I went on to create the greatest defense mechanism I could think of: a powerful jollof broth, a vehicle of umami-laden depth, followed by layers of aroma, smokiness, and an all-out assault on the palate. Along with the other recent triumph of “BAO” that I loved, I look forward to this new focus on chef-centric storytelling and artful presentations of the worlds greatest restaurants and cuisines.Today Jeremy is at the forefront of the gastronomic landscape, blending his dishes with spice, flavor, and his personal experiences. Ikoyi, named as one of the World's 50 Best Restaurants in 2022, is one of the most original, flavor-driven restaurants of its time. Pour the resulting custard into a wide pan and cook gently, whisking and scraping the edges with a spatula until the mixture coats the back of a spoon. If he claims to be cooking Cantonese cuisine, then yeah, there might be an issue because he’s claiming something he’s never experienced and doesn’t know anything about. Toast all the spices in a wide frying pan until fragrant, then blitz to a fine powder in a spice grinder.

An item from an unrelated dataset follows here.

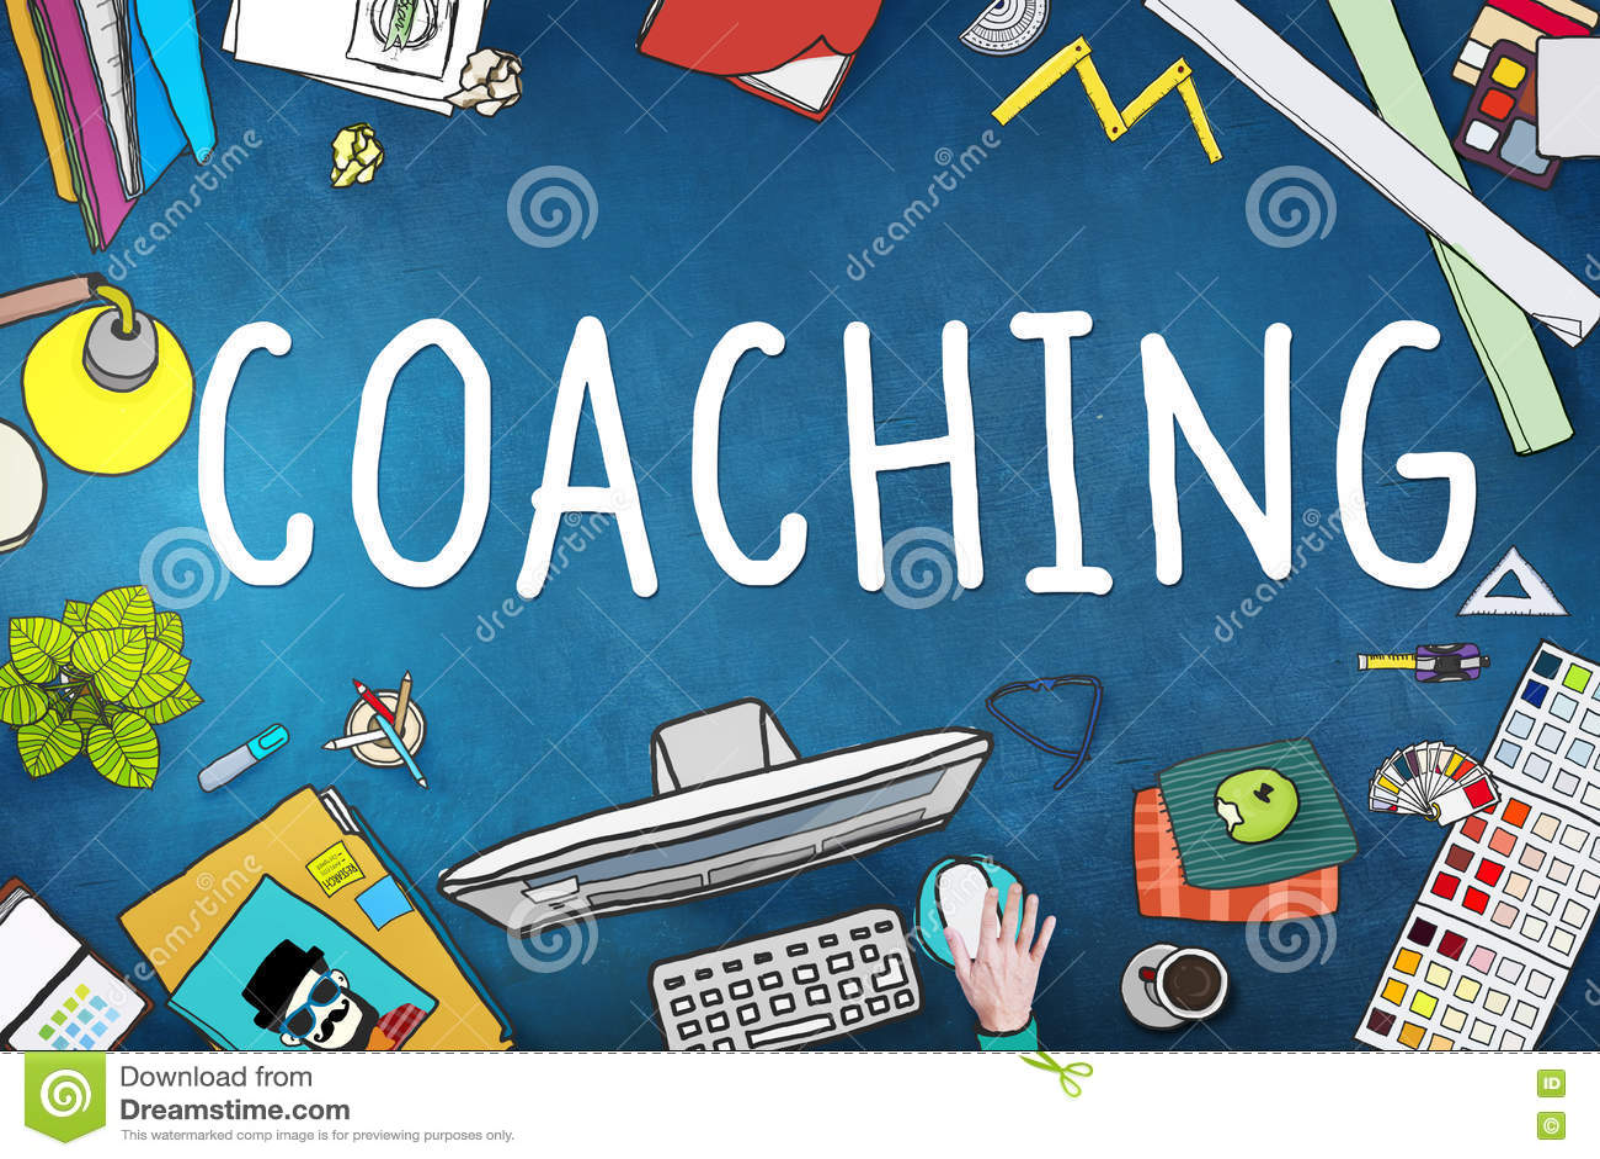 Entrenar al coche de enseñanza Concept del mentor del entrenamiento

In the essay on the plantain dish, I talk about Ridley Scott’s Alien, Mark Rothko, and how colors influence my sense of flavor and intensity. Partnered with Nigerian-born Iré Hassan-Odukale, who handles front-of-the house, chef Jeremy Chan draws on a wide range of culinary influences even as he keeps an eye on the restaurant’s African inspirations. I know if the jollof has been cooked correctly by listening to the frequency of the sizzle as the pan draws near the pass for plating. Against each of the Phaidon-published tome's 40 or so recipes are mini essays that range from 300 to over 1,000 words. The rice is then dried, rubbed by hand with oil, and cooled before we finish it off by roasting it in hot, aromatic beef fat and our wok hei paste.My mom is Chinese American, also Cantonese, and I was thinking about how I might feel if, say, a white chef did that with Cantonese ingredients—use them regardless of their contexts.